I recently made a decision, and a purchase to go along with it.
To get the first question out of the way, no, I am not married. At least, not in the usual sense.
I wear this ring every single day, on my left ring finger. I have been asked (surprisedly) a few times by co-workers if I’m married, and I usually laugh and say no, make some sort of joke about keeping the ladies away (as if I need help with that), and try to not have to explain the whole thing. That’s what this blog is for, after all; explaining things.
The past year has been tumultuous for me, to say the least, especially the last six months or so. They have been extremely emotional months. Really, my being a romantic is something that I am thankful for, it allows for a certain perspective otherwise lost on people, but … it does cause much complication — only to be multiplied by the absurd intensity of teenage hormones and emotional concerns. I am thankful for my romanticism, in and of itself, but not a fan of the difficulty that walks in its very large shadow. So, I have made a deliberate, mental decision, devoid of emotional involvement.
I have decided to not marry. At least … that’s the plan.
Now, to get it out of the way, no, I am not claiming to believe I know God’s will for my relational future, nor am I saying that I will never get married — I can’t see where I’ll be ten years from now, but God can. Yet God allows us to make our own decisions, and learn from them, to help us grow. That being said, I know that if His plan is for me to marry, then I’m going to end up married. I know that. The choice I have made, is to avoid to the best of my ability all non-platonic relationships for as long as possible. And to pray for a whole lot of strength from my Father, because I’ll need it. Frankly, I am a growing man with very (very) strong emotions, and I’m in a difficult period of development — I hate the teenage years. The fact is, this is what I believe is best for me. And for others.

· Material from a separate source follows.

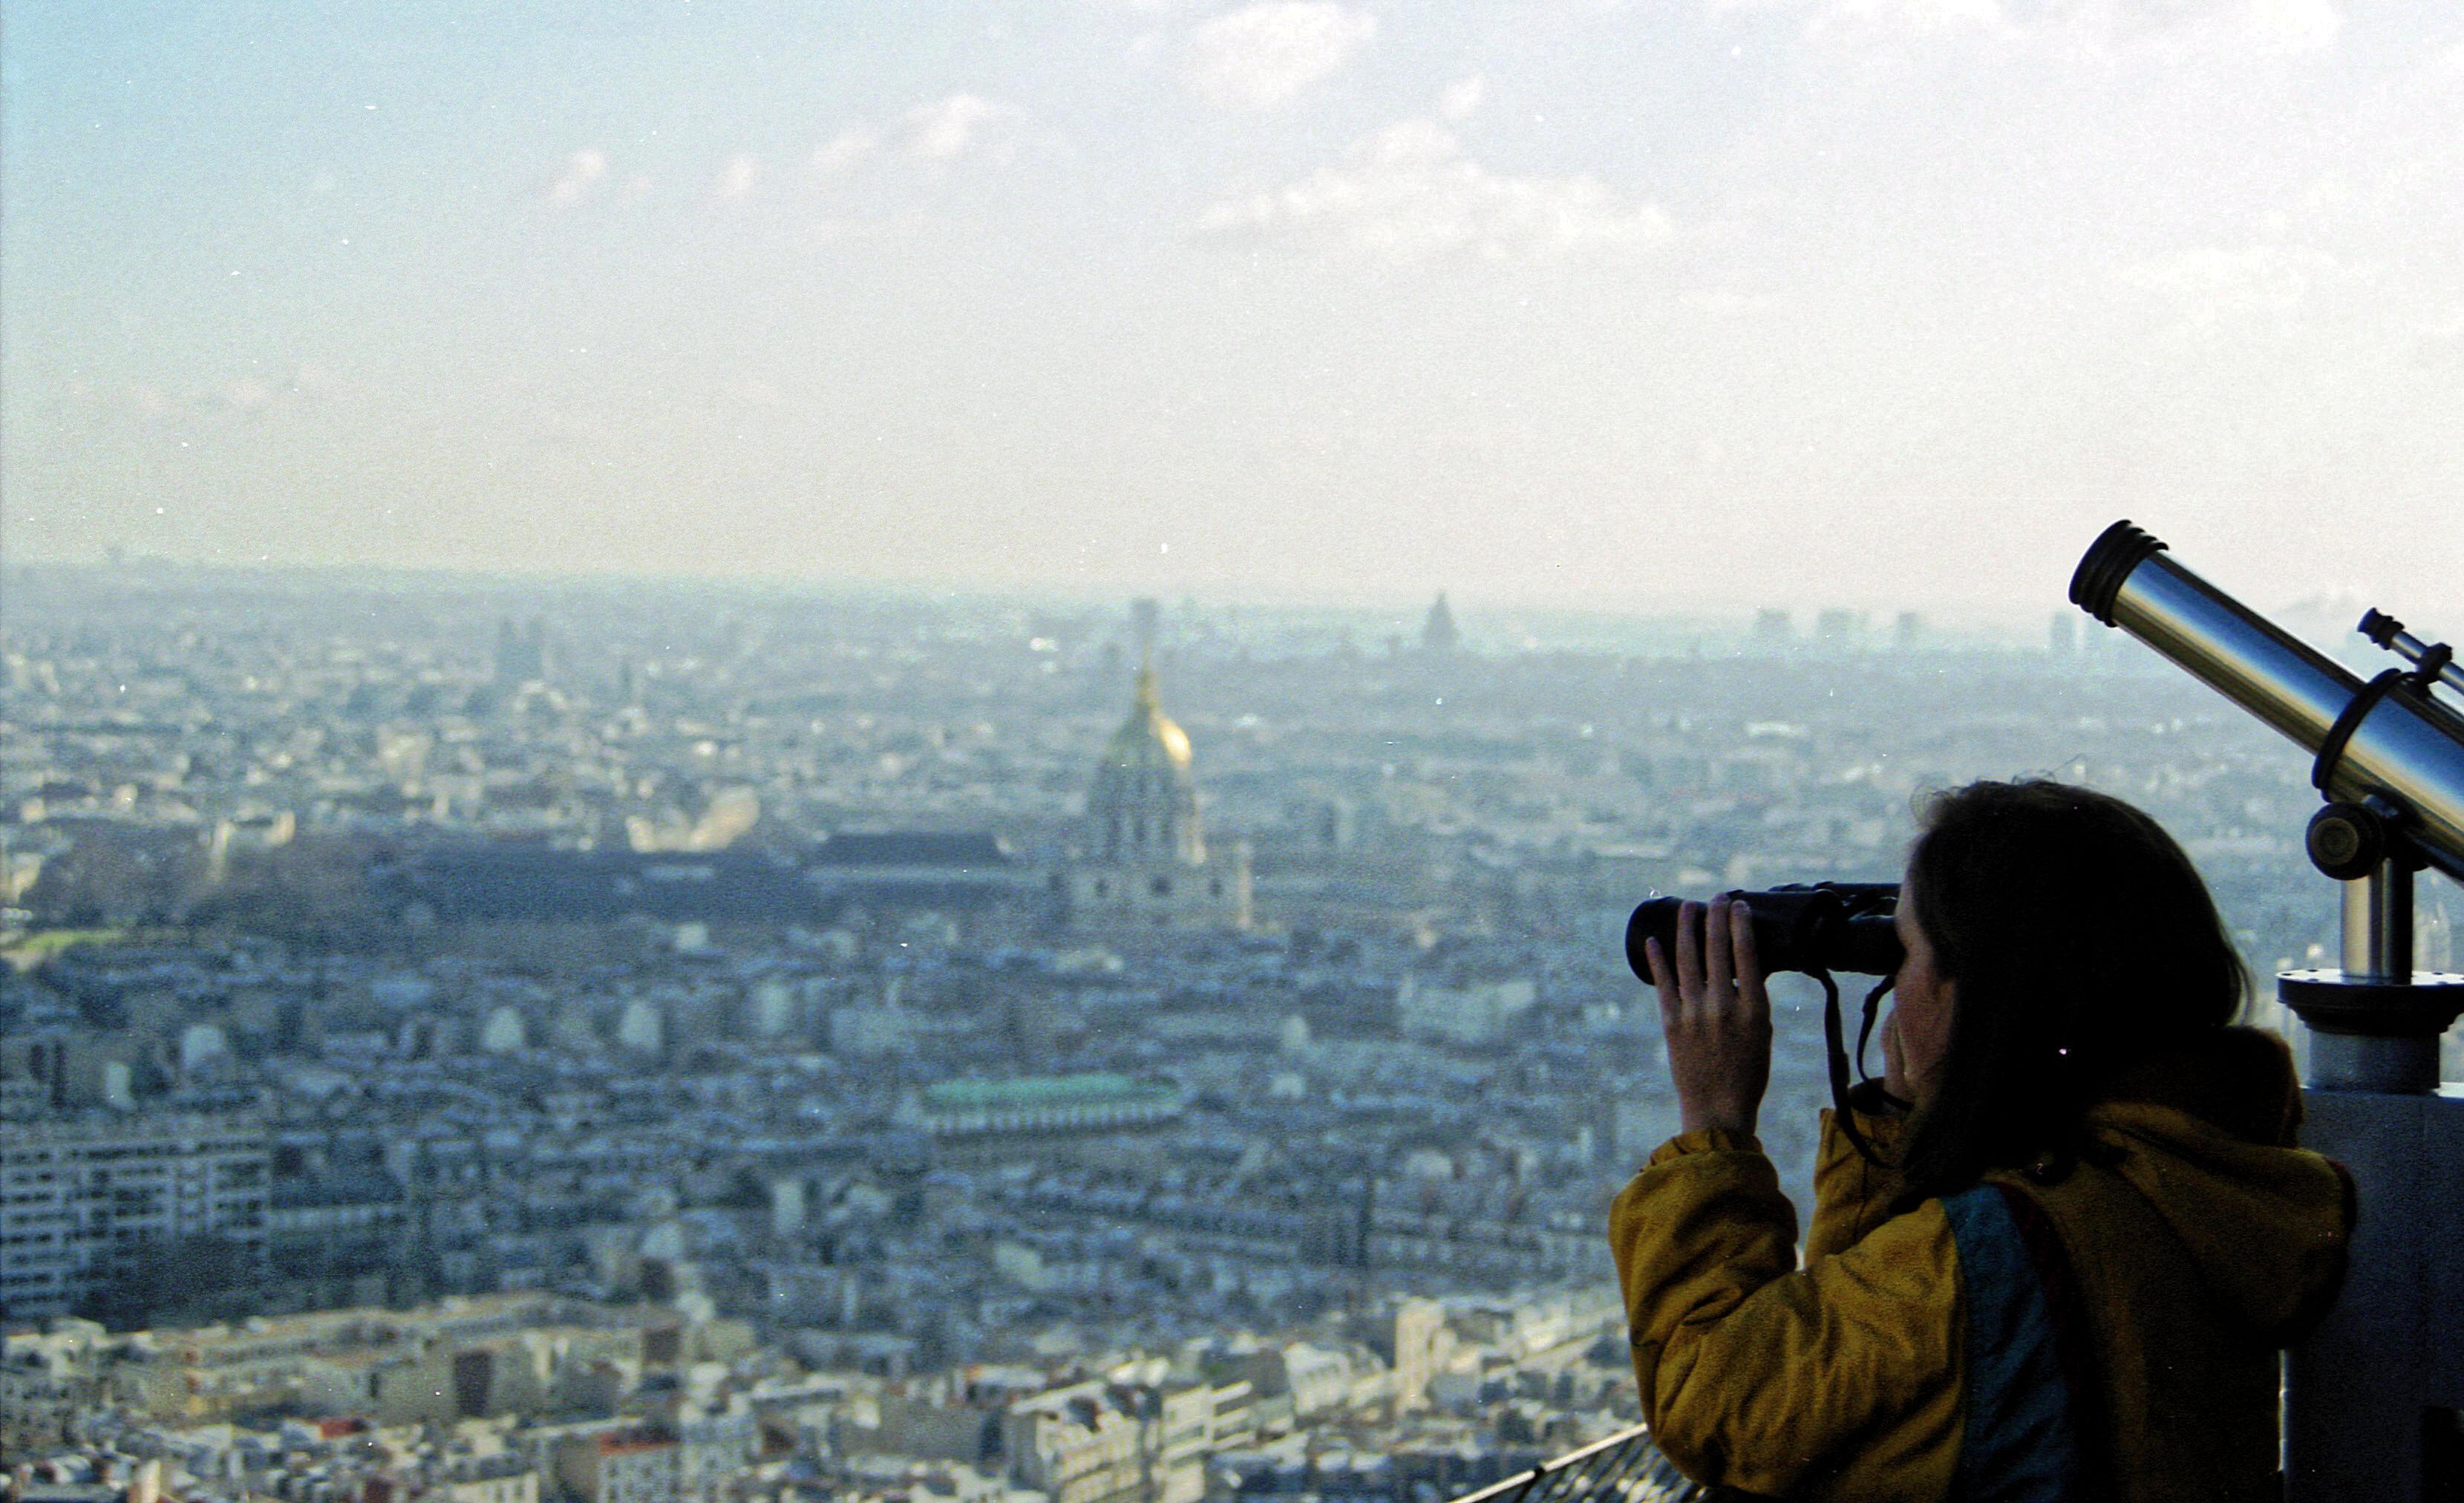 Tour-Eiffel-1.jpeg
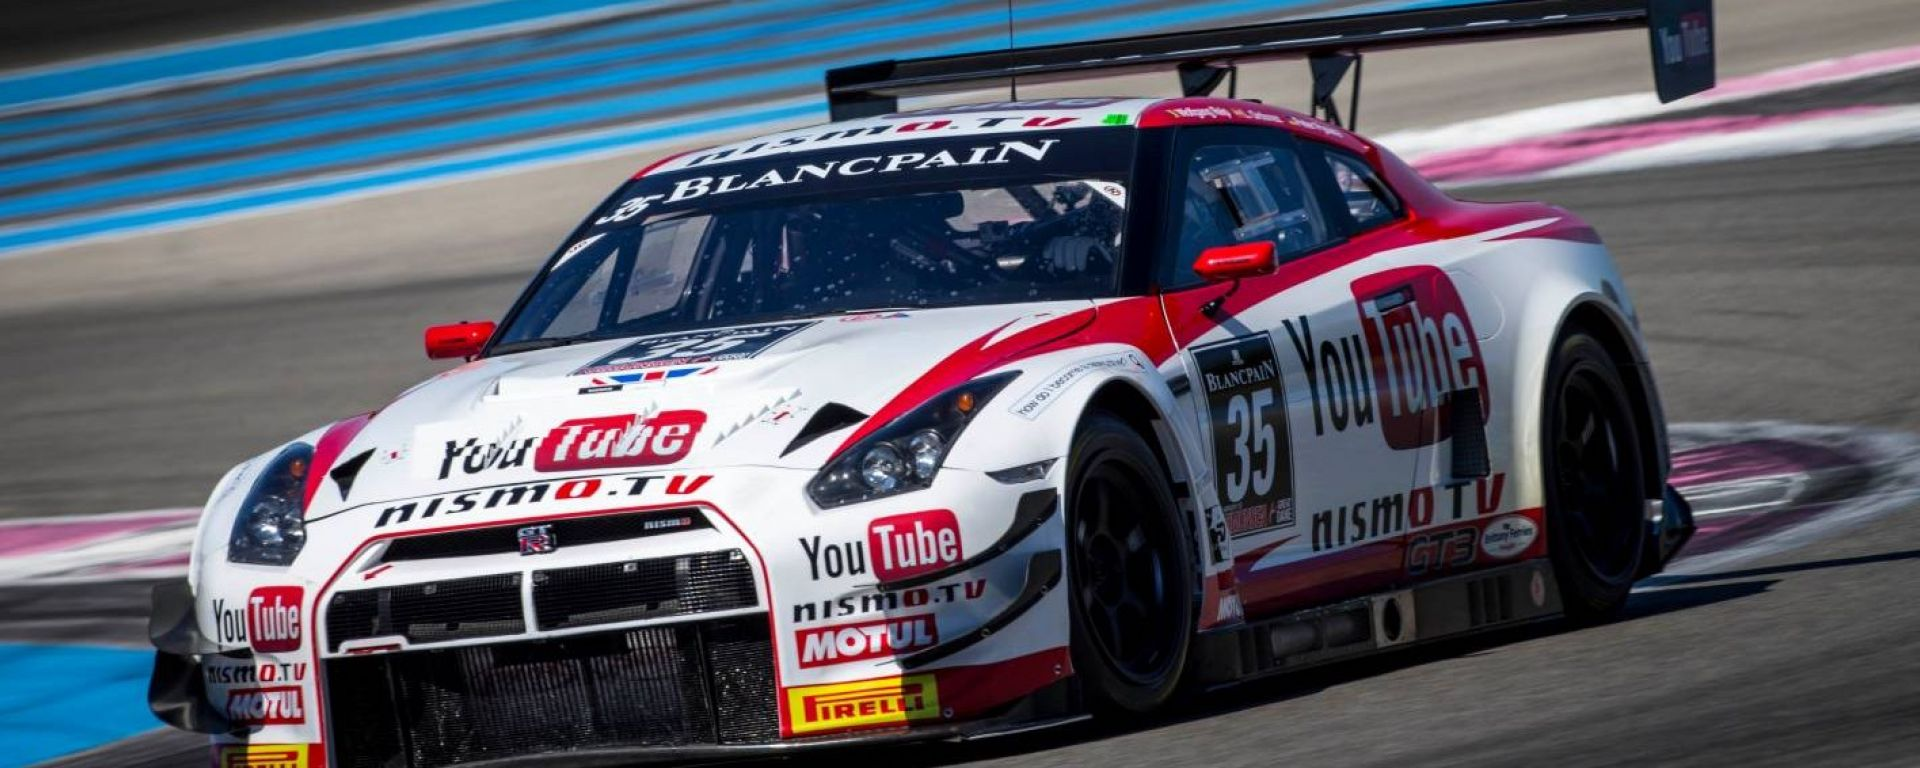 Campionato GT Italiano 2017: Drive Technology

Some months ago when I was struggling with some things (also emotionally fueled), I sat down with myself and my journal, and asked myself some questions, answering them as honestly as possible. One of the questions and its answer was as follows.
Q: You see dating and marriage, for yourself, as a selfish desire and act?
A: For the most part.
I know for a fact that this will strike certain people as odd and nonsensical, but remember that this was my honest answer, and it still is. The reason I see it this way, is because for my part, I want a romantic relationship for gain; to gain an encourager, to gain a lifelong friend, to gain a shoulder to cry on. Also to gain someone who I canalways be there for. But the fact is, I can be there for people as a friend, as a brother in Christ, as a Christian who longs to love as Christ loves. My dad tells me that I’ll end up a selfish old man if I don’t marry, but I just cannot believe that. I’m choosing to remain single out of a desire to love all equally, and give myself up for all equally. I so greatly enjoy being able to spend time with people, to give myself to others. I am not saying one cannot do this as a married man, but I do recognize that when married, a man needs to make his wife the priority above all other people, aside from God, who must always remain on top. I am choosing to keep God on top, and put everyone else on the same level below Him. I believe that being single offers me more freedom to do that. Though I could be wrong.
This isn’t easy at all. Even right now in this moment, I’m thinking of the possibility of God having other plans for me. Thinking of someone in particular, who I’ll never deserve, who I hurt very badly. I can never express how sorry I am for what I did to this person. Nor can I explain to you how dear she still is to me. I pray for her always, and wish only the greatest blessings on her. Any other time this choice I’ve made rings clear in my being, and gives off no uncertainty. This person, however … this person has set a standard to which I can’t help holding all others. I don’t really know what else to say.
But now I’ve explained myself better for you all. The ring is a symbol, as any other wedding ring is. The way I described it for my sister was this: this ring, for me, serves as a purity ring, and a promise ring, and finally a wedding ring; to remain pure, all my life, as a promise to my Beloved, to whom I will be wedded when I get Home. I am the bride of Christ. I don’t know what plans He has for me, but I’m not going to stand still to find out.